Llamas-Velasco Mar, Cannata Jimena, Dominguez Inmaculada, García-Noblejas Ana, Aragües Maximiliano, Fraga Javier, Arranz Reyes
Department of Dermatology, Hospital Universitario de La Princesa, Madrid, Spain.
J Cutan Pathol. 2012 Dec;39(12):1125-30. doi: 10.1111/cup.12013. Epub 2012 Oct 8.

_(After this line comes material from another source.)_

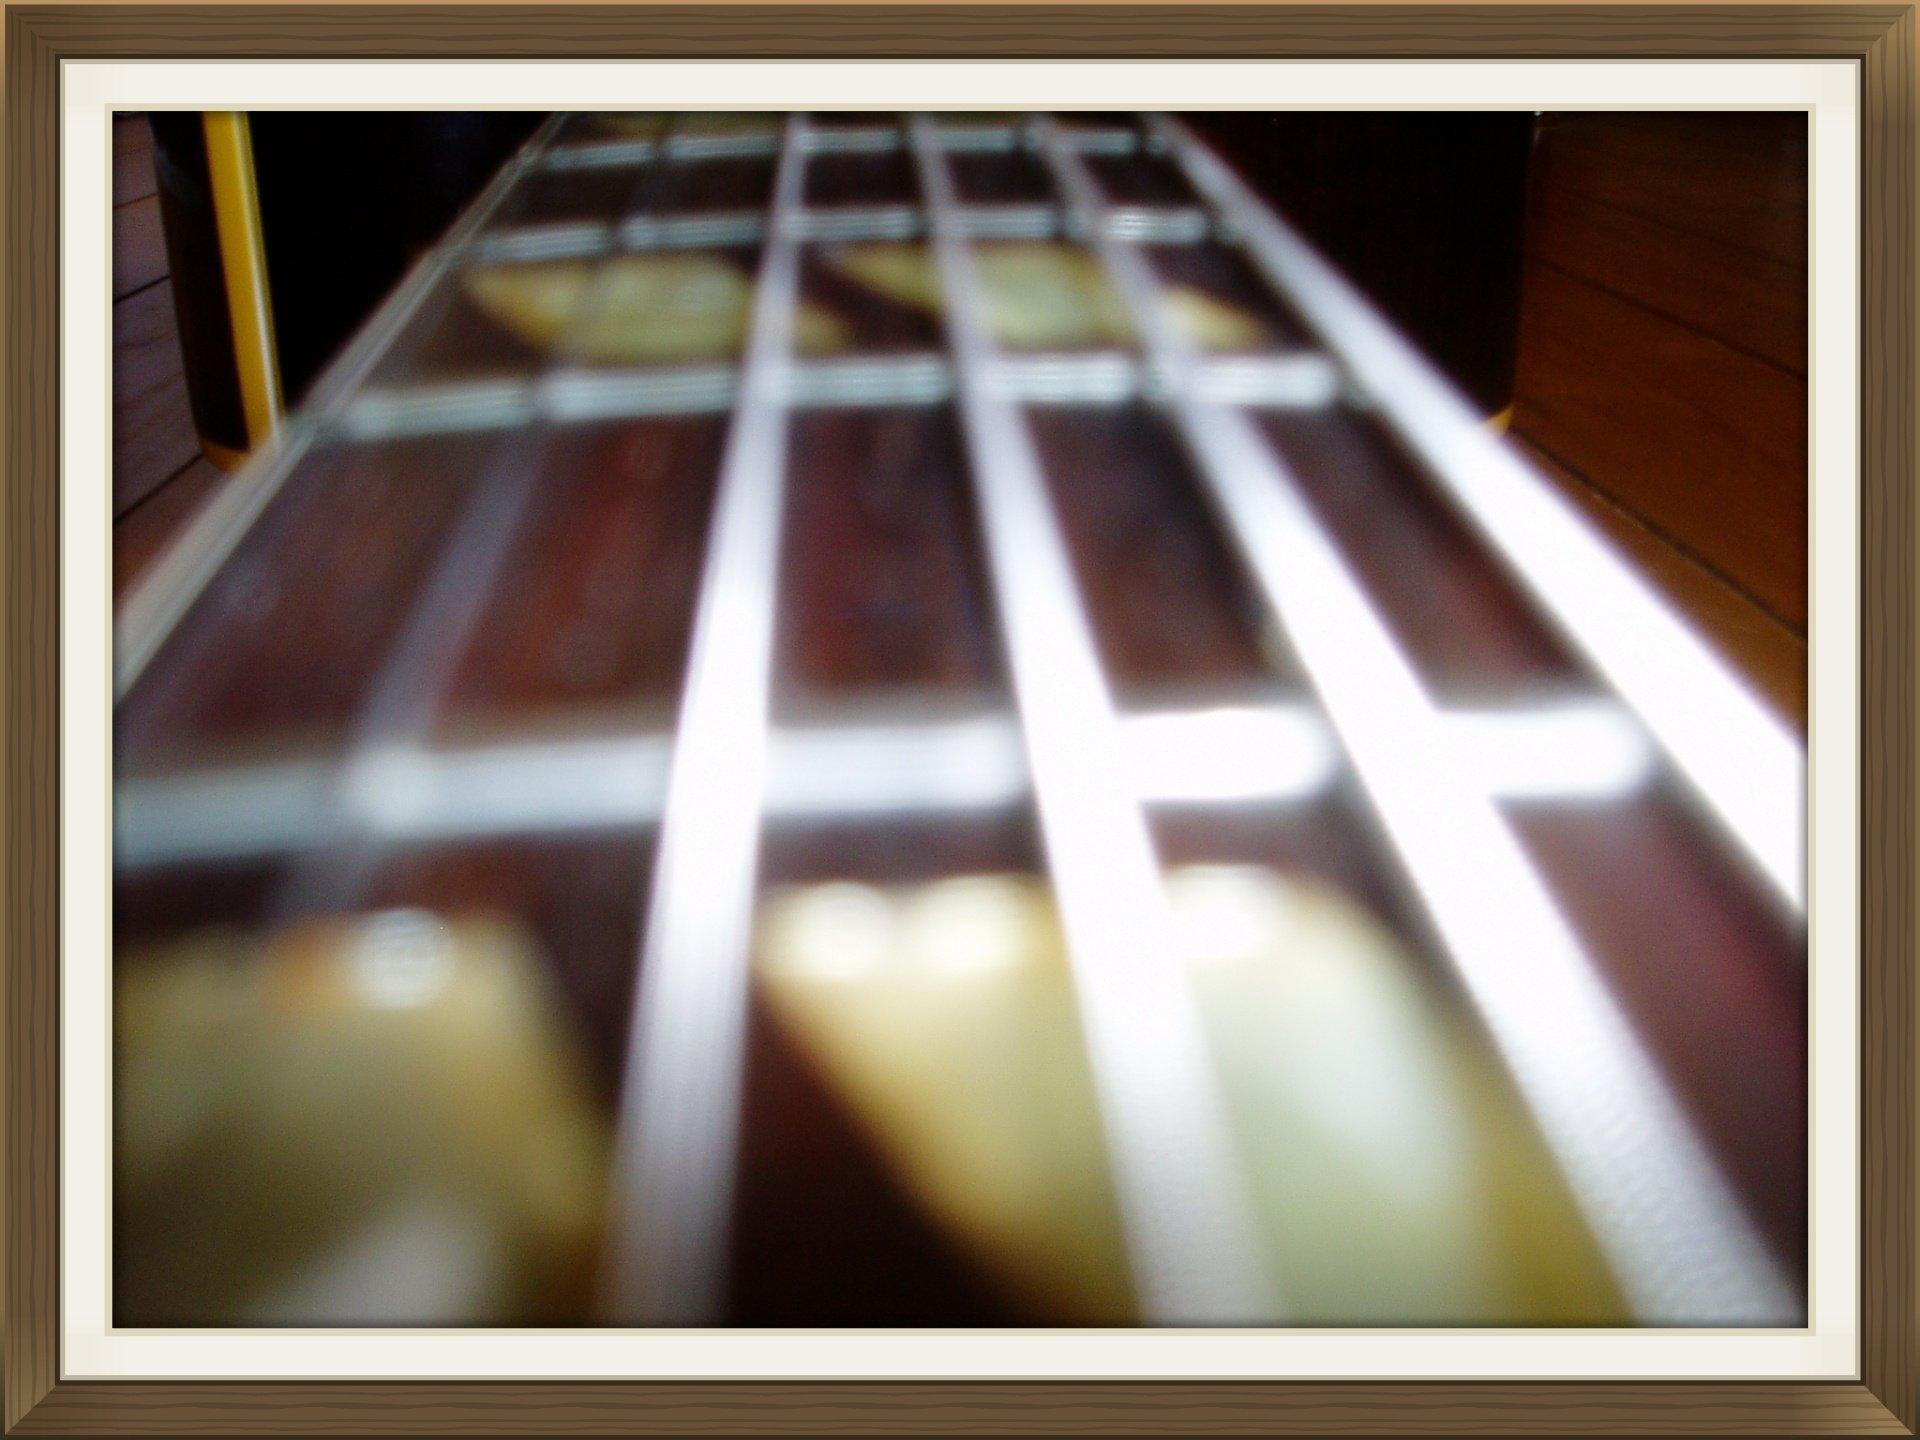 MannofieldMusic Guitar Lessons West Bridgford Nottingham

The coexistence of skin-limited Langerhans cell histiocytosis (LCH) and Rosai-Dorfman disease (RDD) is an exceptional finding. The association of lymphomas and histiocytosis is also infrequent. We report the case of a 68-year-old man which presented an exceptional association of cutaneous LCH and RDD and splenic marginal zone lymphoma. He was stable for few years. Suddenly, the patient was admitted into Hematology Department with a remarkable enlargement of spleen and liver without enlargement of lymphadenopathies or skin lesions flare. He died 24 h later despite treatment with systemic chemotherapy combined with prednisone. Pre-mortem biopsy showed infiltration with histiocytic sarcoma. We think that a transdifferentiation phenomenon could explain our case, although we could not show a clonal relationship between the cutaneous and the liver diseases. We also want to pay attention to the fact that a fast transformation to a more aggressive disease can occur long time after the presentation of the first lesion, a problem that stresses the importance of performing a close and permanent follow-up of these patients.
皮肤局限性朗格汉斯细胞组织细胞增多症(LCH)与罗萨伊-多夫曼病(RDD)并存是一种罕见的发现。淋巴瘤与组织细胞增多症的关联也不常见。我们报告一例68岁男性病例,其表现为皮肤LCH、RDD与脾边缘区淋巴瘤的罕见关联。他病情稳定数年。突然,患者因脾脏和肝脏显著肿大而入住血液科,无淋巴结肿大或皮肤病变复发。尽管接受了全身化疗联合泼尼松治疗,他在24小时后死亡。生前活检显示为组织细胞肉瘤浸润。我们认为转分化现象可以解释我们的病例,尽管我们无法证明皮肤疾病与肝脏疾病之间存在克隆关系。我们还想强调的是,在首次出现病变很长时间后,可能会迅速转变为更具侵袭性的疾病,这一问题凸显了对这些患者进行密切和长期随访的重要性。